Remember that in each election year, you have people like David Duke endorse the Republicans, and some groups that consider themselves Leninist (though fewer and fewer) endorse the Democrats. JFK was once asked by a leading mafioso what the latter could do to help him win the presidency -- JFK's famous response 'Tell everyone you are voting for my opponent'. In politics with broad coalitions, there are lots of different groups, and the thing to really look at (aside from analyzing how journalists do the job of justifying the lying by digging up any fact that can discredit progressive politics and trumpeting it, often distorting the facts as Rx) is the overall character of the movement. What percentage of the protestors, or of the leaders of the main broad coalition (UFPJ) are actually Leninists, let alone Stalinists (the latter theoretically a subset of the former). Not a whole lot. Most are independent socialists and populists of various sorts like myself.

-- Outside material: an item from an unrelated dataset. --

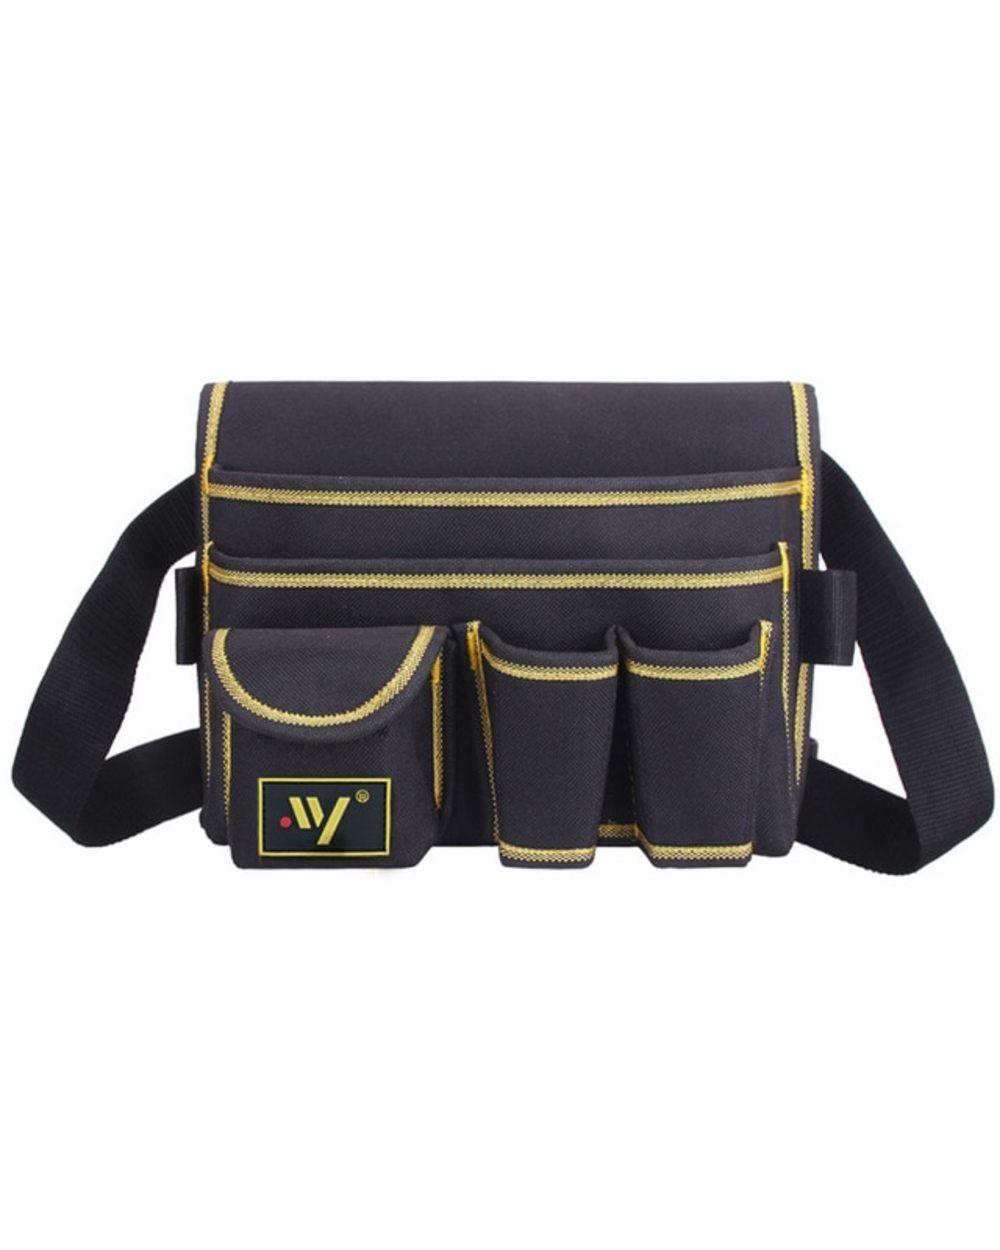 Multi-function Waist Pack Repair Bag: Best Tool Bag for Electricians  template

Also, it is sheer stupidity to complain that in a huge rally, with events and feeder marches from the IMF that they 'stick to the subject'. Who died and made these protestators king of the demo? In fact, UFPJ included helping the victims of Katrina in its MAIN slogans for the march. The feeder march from the IMF protest had other focal points. The point is that the leadership of the peace movement focuses, as I believe they should, on the broader problem of something called IMPERIALISM, the 'i-word' that you don't hear much about in US politics but which is routinely a part of mainstream political discourse in Europe. Iraq didn't just come out of nowhere -- it is an example and manifestation of the disease of imperialism. And imperialism is linked with the issue of the IMF, and with the broad rubric of US intervention in and involvement in the Mideast. One of the main purposes of these demonstrations is to educate and enlighten participants who may only have come with a vague sense that the war was wrong. Given the whole schedule of weekend events, there was and is at such actions much that one can learn.
That said, there is something to be said for message discipline. Some or even many in the leadership may agree with the speaker who called for a free Palestine "from the river to the sea" but I don't think the majority of those in the City would agree with that (from one of the speeches). Broadening the focus of topics to a certain point is good -- protestations from various quarters to the contrary being something to dismiss as mere whining -- but you need to express a broad CONSENSUS of what people think rather than factional often more radical views that everyone is afraid to question. The point is that such things (as opposed to having a focus on related issues that some, merely looking for something to whine about, whine about) can indeed drive people away from the antiwar movement, as it reflects views opposed by the vast majority of the supporters of getting out of Iraq.
You didn't see anyone from ANSWER on the podium calling for the glories of Stalinism or giving a pro-Milosevic speech or anything, because THEIR crappola was kept disciplined.